Singapore has issued new guidelines on digital payment token (DPT) services to its citizens, which seem more of a crack down on crypto marketing in a bid to slow down a frenzy of retail trading in digital assets.
In guidelines issued by the Monetary Authority of Singapore (MAS) on Monday, the regulator warned:
“The public should not be encouraged to engage in the trading of DPTs.
Under the Payment Services Act (“PS Act”), entities which provide services relating to DPTs are regulated primarily for money laundering and terrorism financing risk, as well as technology risk.”
Singapore is one of the Asian cryptocurrency hubs as it has a comprehensive regulatory framework for dealing with such assets and a friendly ecosystem.
Those features have attracted a considerable amount of the locals, who have entered the industry in recent months. According to survey revealed that 67% of Singaporeans own digital assets, and 1/3 of the ones who don’t own crypto yet, plans to buy some.

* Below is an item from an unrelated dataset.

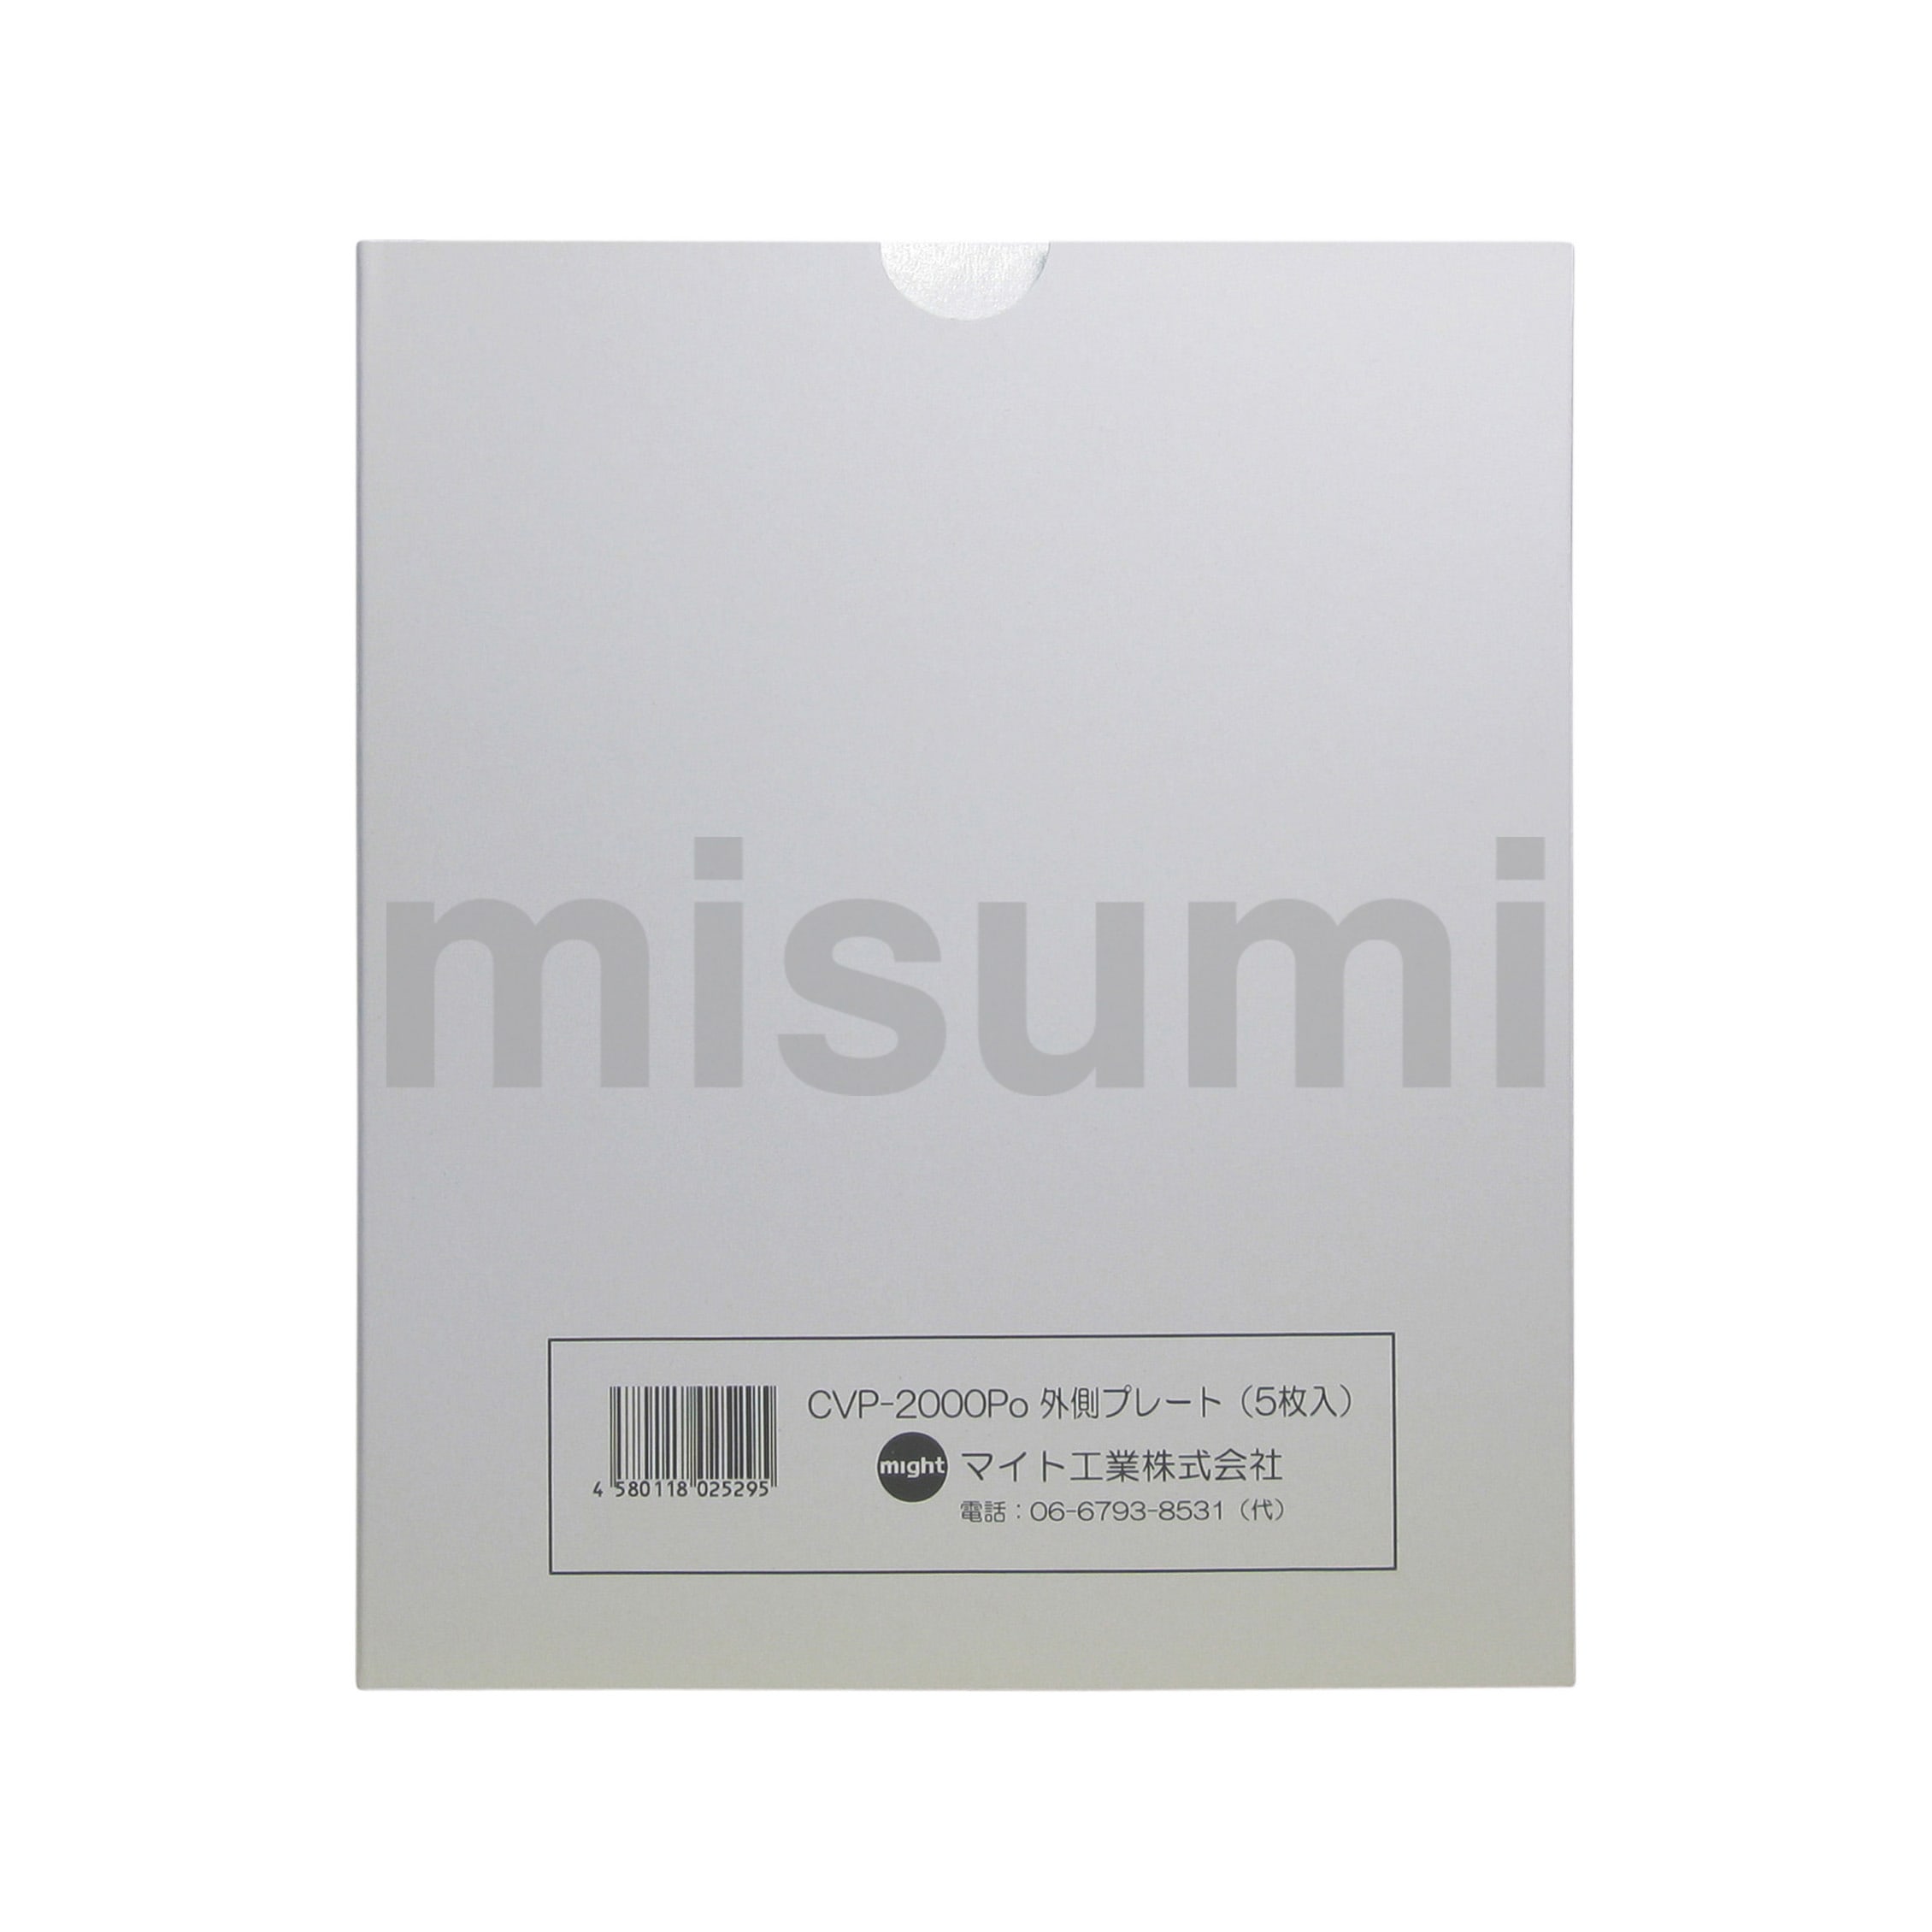 CVP-01S 溶接面 レインボーマスクシリーズ用カバープレート マイト工業 MISUMI(ミスミ)

Regardless, according to the new MAS guidelines, the service providers should only market their wares on their own websites, apps or social media, and in doing so should not trivialize the risks of investing in digital assets.
ATMs which deal in digital currencies will also be banned. The announcement detailed:
“Such convenient access may mislead the public to trade in DPTs on impulse, without considering the risks of trading in DPTs.”
The new guidelines will affect a range of businesses including banks, payment providers and exchanges.
The move marks the latest attempt to regulate the sector in Singapore, following the introduction of licences for crypto firms.
According to a report by Nikkei Asia in December, over 100 companies out of around 170 that had applied for licenses had either been turned down or withdrawn their applications altogether.
In September, the regulator also ordered Binance to stop operations in Singapore.